Full tray excavation

Ground vegetation and topsoil is removed to expose firm sub-soil and to form a formation tray to the specified width and depth. The tray should be rectangular in section with vertical sides. The depth of formation tray will depend on the strength of the sub-soil and the likely users of the path, but the final surface level is similar to the original ground level. Carefully store turfs and soil for use elsewhere.

Formation - full tray excavation


Semi-tray excavation

The path surface level is raised above the surrounding ground to aid drainage. Remove vegetation and excavate topsoil to form a tray for part of the total construction thickness. Prior to infilling, use excavated topsoil and stripped turfs to create a formation tray for the remaining thickness required. The tray should be rectangular in section with vertical sides and outer edges of the formation sloping down to the original ground levels.

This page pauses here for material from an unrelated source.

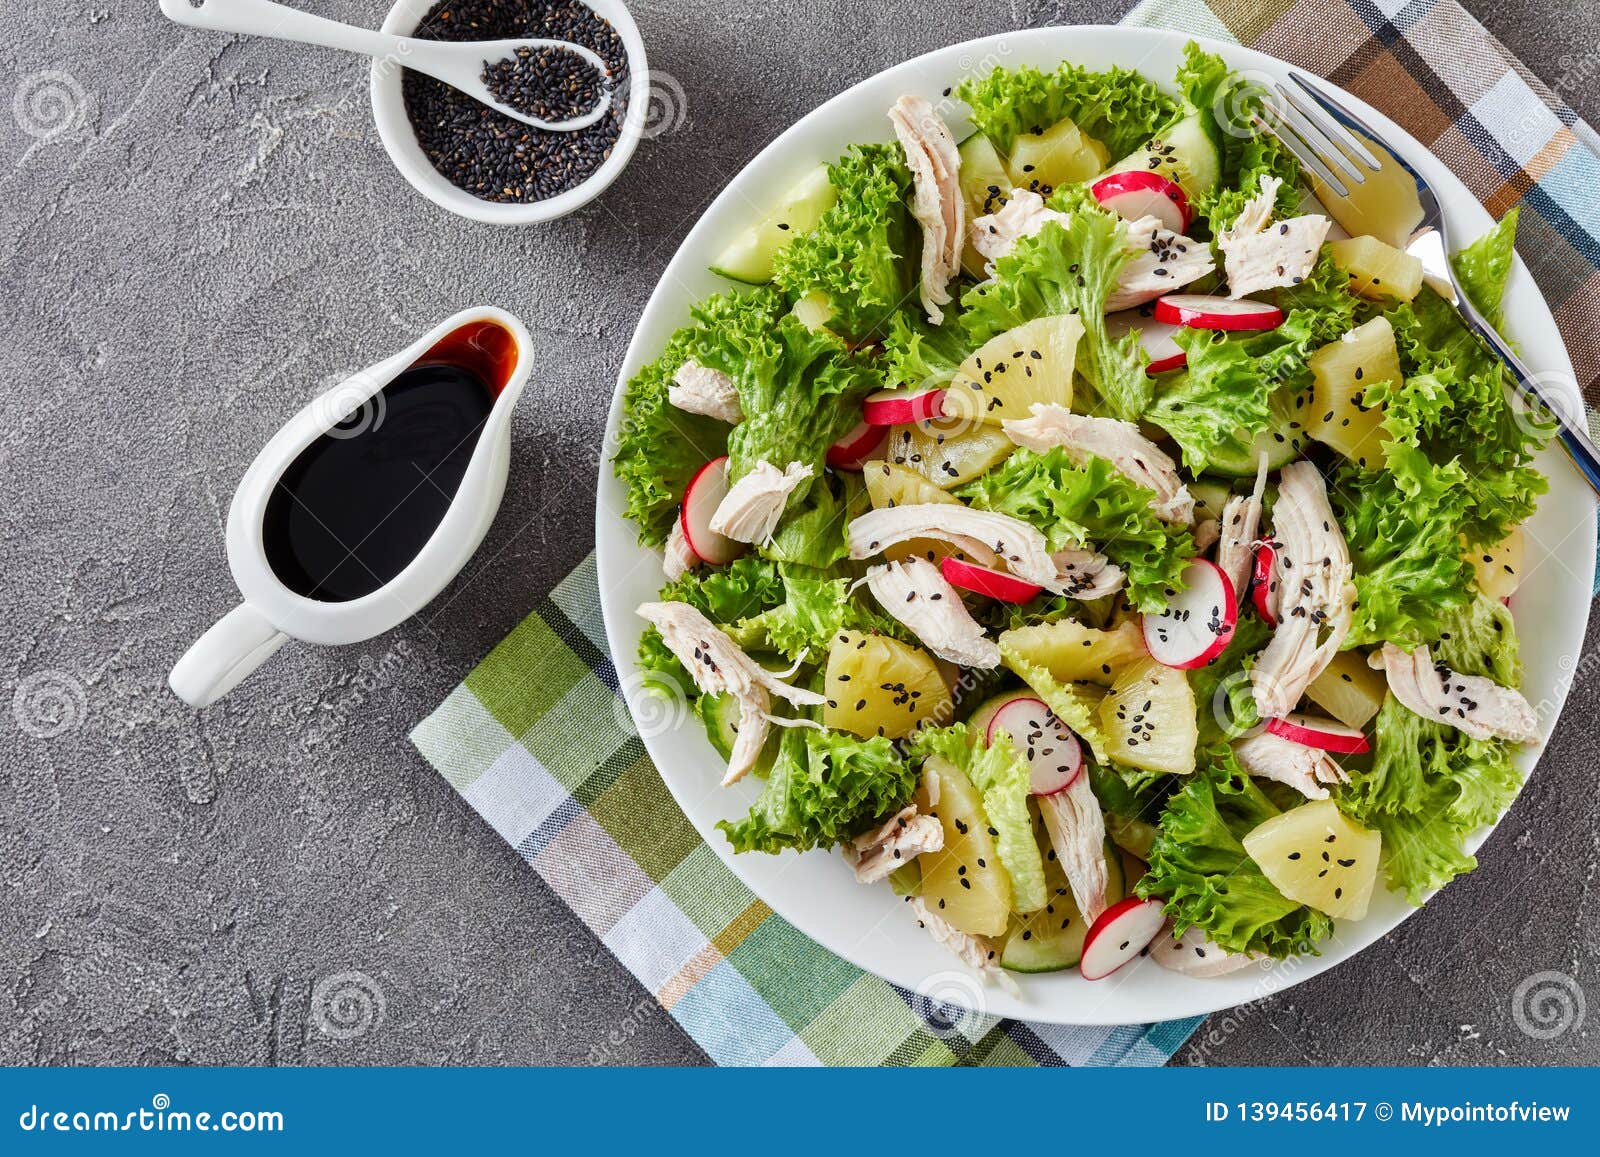 Chicken, Lettuce Salad with Ananas and Veggies Stock Image - Image of ...
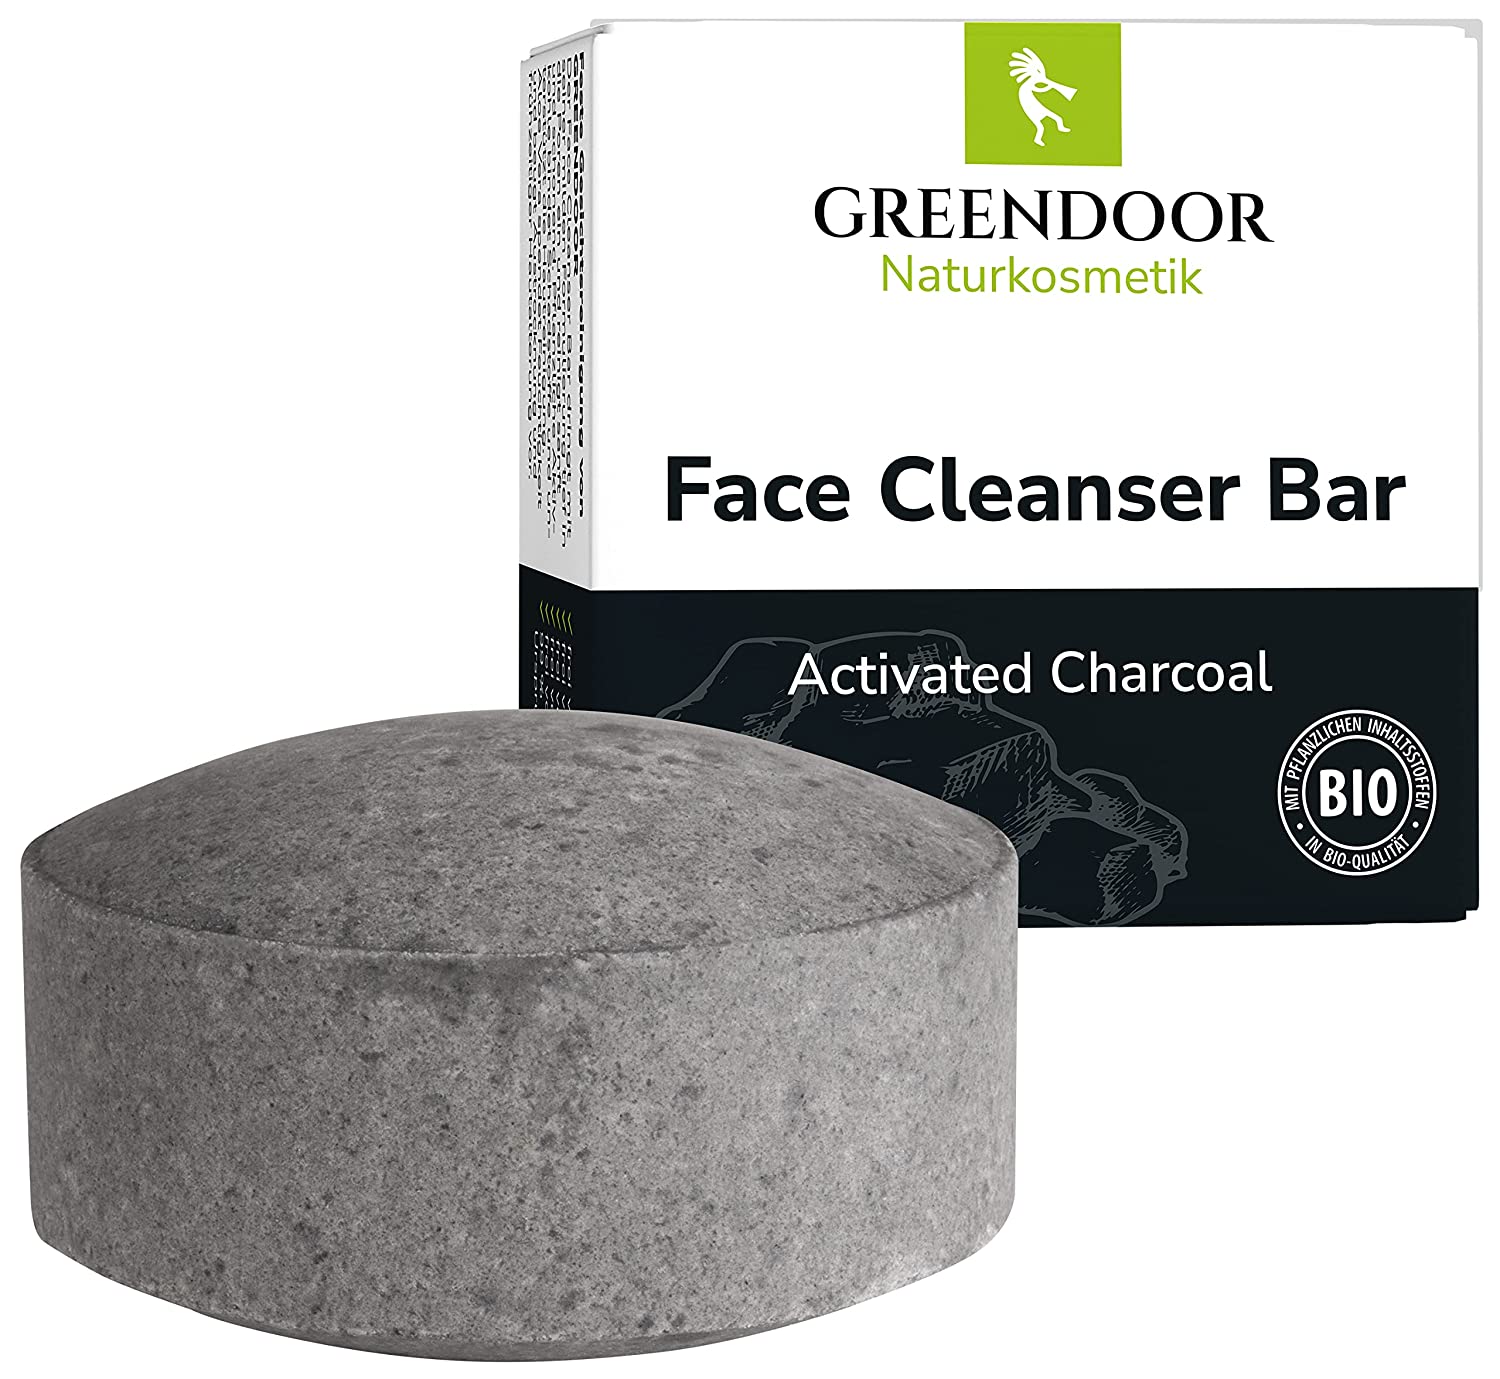 GREENDOOR Solid facial cleansing with activated carbon against pimples, 57 g, for blemished skin, combination skin, oily skin, soap-free, naturally plastic-free, with skin-nourishing aloe vera and organic sesame oil, unisex

Formation - semi-tray excavation

Excavate ground vegetation and topsoil to form X metre wide formation tray to maximum depth of X mm below ground levels. The tray should be rectangular in section with vertical sides and level base
Stripped vegetation and excavated topsoil to be cast and spread locally on site, either side of formation tray and landscaped into existing ground levels. If space is limited cart excess materials to suitable location on site for spreading and landscaping
If soft spots are present, excavate the area below formation level until the sub grade is stable. Back fill with lower quality granular sub base material to formation level and compact to refusal


Floated construction

On weak soil (high clay content) the path is ‘floated’ on geotextile (Geotextiles and geogrids). The degree of formation works will depend on soil composition. However, as a minimum, the vegetation and topsoil should be removed to a depth of 50mm to form a shallow tray. This approach is called ‘site strip’. If the soil is very wet and soft (e.g. peat) then the path can be built on a geocomposite laid in the shallow tray. This will provide the extra strength to support the weight of heavy machines, the built path and users. Avoid building the path straight onto vegetated ground as vegetation beneath will rot down causing the path to settle below ground levels – creating an uneven surface and potentially leading to drainage problems.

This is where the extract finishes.